Approaching the Full Configuration Interaction Ground State from an Arbitrary Wavefunction with Gradient Descent and Quasi-Newton Algorithms

TL;DR

This paper introduces gradient descent and quasi-Newton algorithms to efficiently approximate the FCI ground state energy from arbitrary initial states, enabling larger system calculations without storing intermediate wavefunctions.

Contribution

It presents a novel optimization approach that evaluates energies via expectation values, allowing larger system analysis compared to traditional FCI methods.

Findings

Efficient energy evaluation along optimization paths.

Ability to handle larger systems than standard FCI.

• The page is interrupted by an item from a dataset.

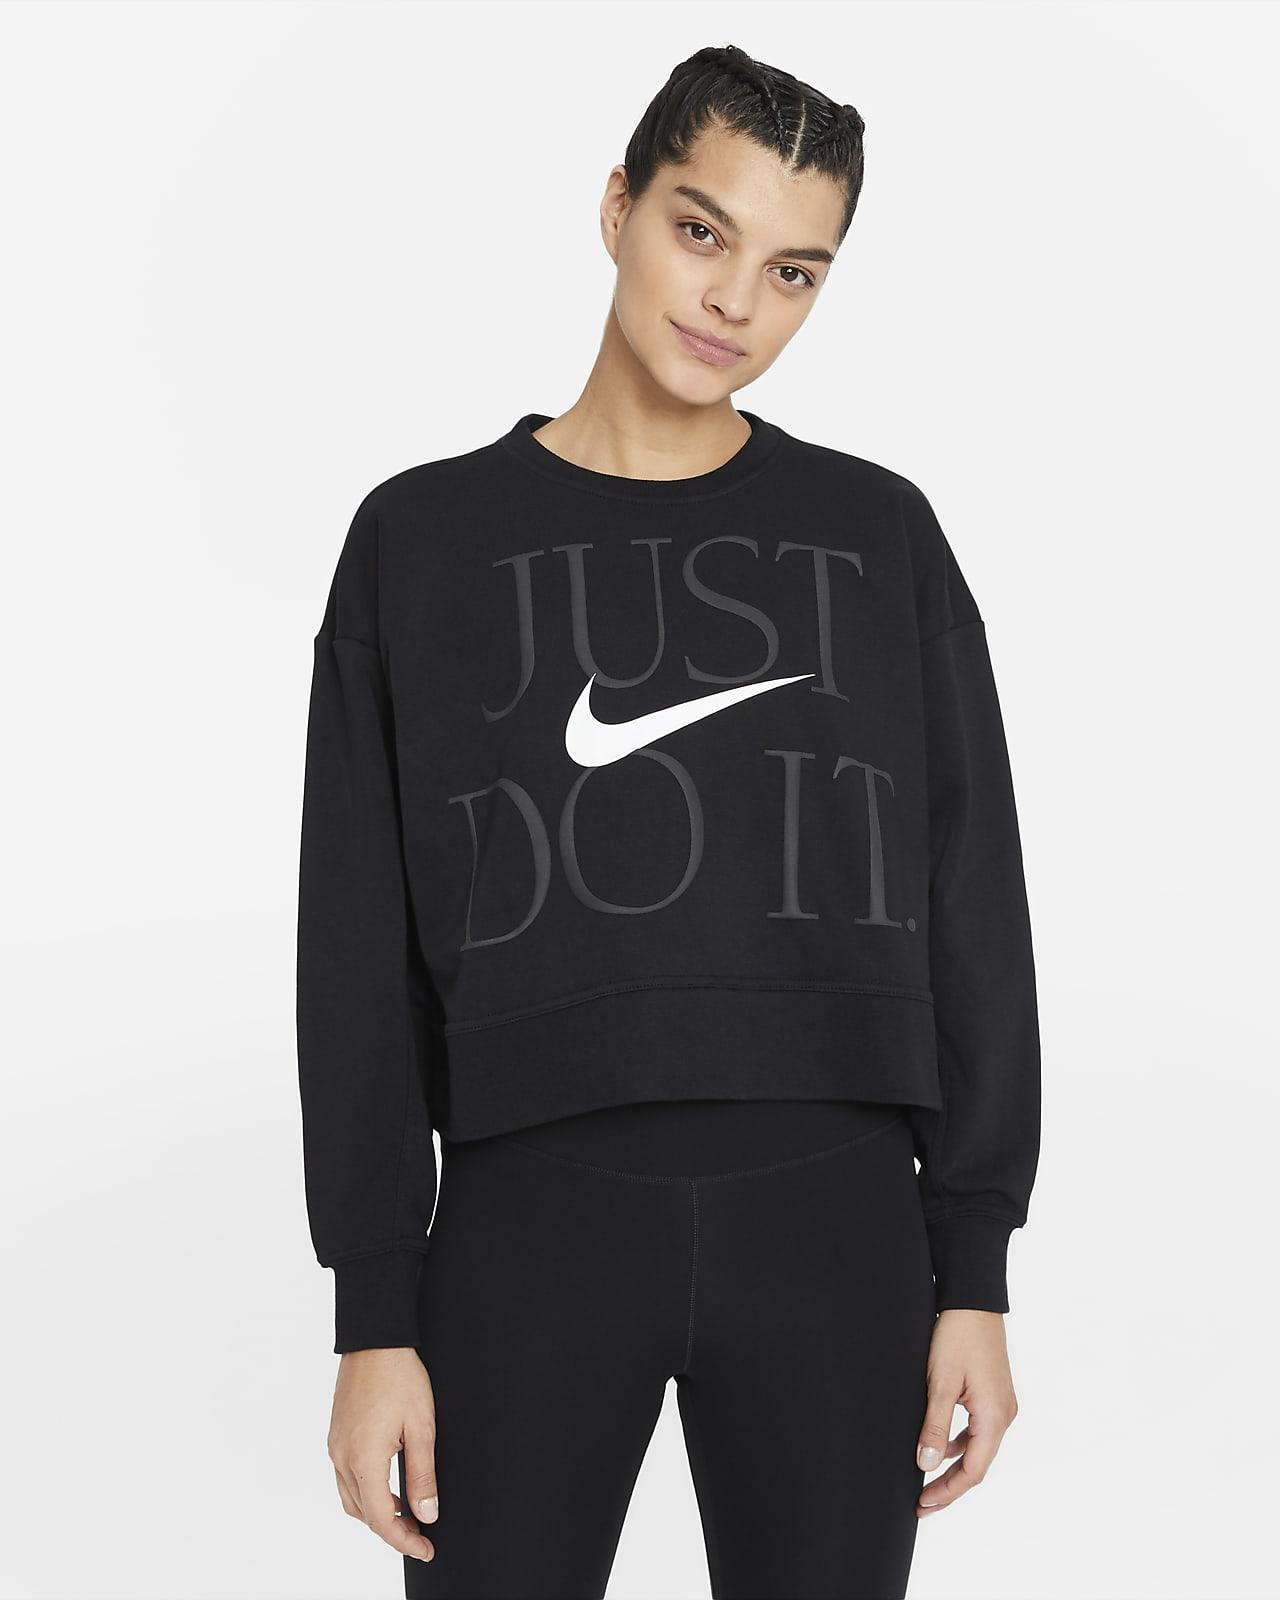 Haut de training Nike Dri-FIT Get Fit pour Femme

Application with non-orthogonal determinant reference states.

Abstract

We consider gradient descent and quasi-Newton algorithms to optimize the full configuration interaction (FCI) ground state wavefunction starting from an arbitrary reference state $|0 \rangle$. We show that the energies obtained along the optimization path can be evaluated in terms of expectation values of $|0 \rangle$, thus avoiding explicit storage of intermediate wavefunctions. This allows us to find the energies after the first few steps of the FCI algorithm for systems much larger than what standard, deterministic FCI codes can handle at present. We show an application of the algorithm with reference wavefunctions constructed as linear combinations of non-orthogonal determinants.